Specifically, the document calls for significantly expanding tax incentives designed to build out renewable supply chain manufacturing (such as making solar panels and wind turbines) in coalfield regions and provide a hiring preference for dislocated miners and their families.
“We welcome any manufacturing jobs that can be brought to the coalfields because they are desperately needed,” Roberts.
The document calls for substantial funding to help coal workers, including national training programs for dislocated miners and support to replace their wagers, healthcare and pensions.
“Change is coming, whether we seek it or not,” the union document said. “Too many inside and outside the coalfields have looked the other way when it comes to recognizing and addressing specifically what that change must be, but we can look away no longer.”
Biden’s infrastructure plan also calls for hiring hundreds of thousands of workers to clean up abandoned coal mines and plug countless oil and gas wells.
Roberts said the union “obviously” supports such efforts — though he stressed that these are temporary, not permanent, jobs.
Competing with China
The union is calling for building out carbon capture infrastructure, including pipelines and injection wells that can be used to trap and store harmful emissions.
Roberts warned Washington to approach carbon capture as it did the space race — a battle between nations for the next generation of technology.
“Somebody, a country, a corporation or investors, will develop this technology and will be sitting in a very advantageous position,” Roberts said. “If we concede this to China, it will be a horrendous mistake on the behalf of the United States.”

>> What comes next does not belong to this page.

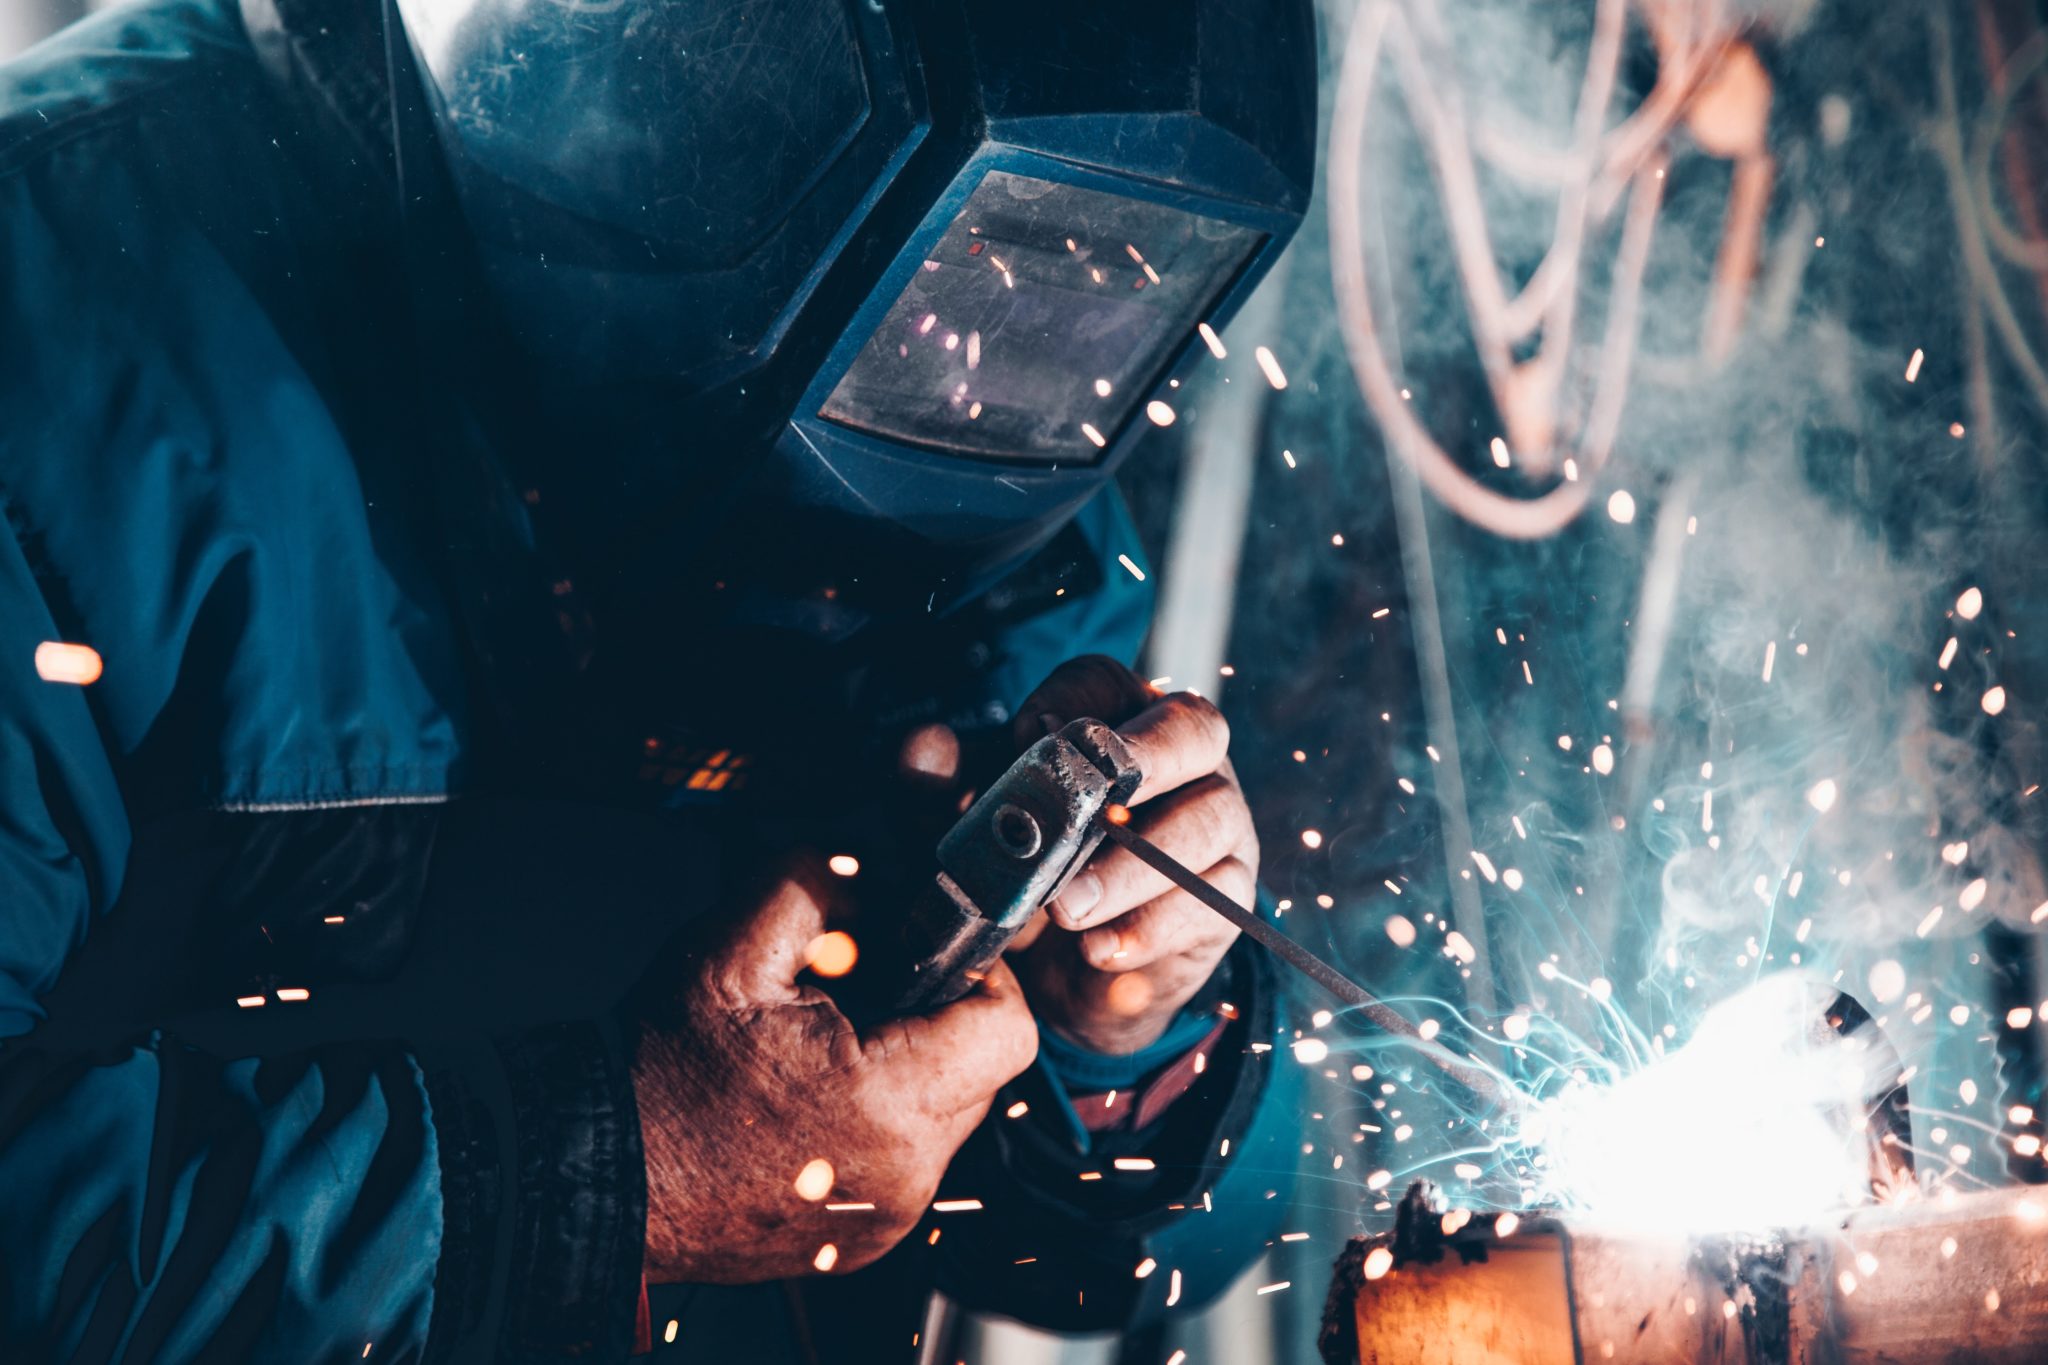 Metal fabrication tools and equipment for a manufacturing business

The union boss stressed that the organization’s broad support for Biden’s infrastructure package is not set in stone and could be reversed if support for carbon capture and investment in coal communities fades.
“This is like negotiating a contract. We’re not going to be rolled over here by anybody,” Roberts said.
US Energy Secretary Jennifer Granholm vowed last month that no worker will be left behind in the clean energy revolution.
“We want to be part of the solution,” Roberts said, “not part of the problem.”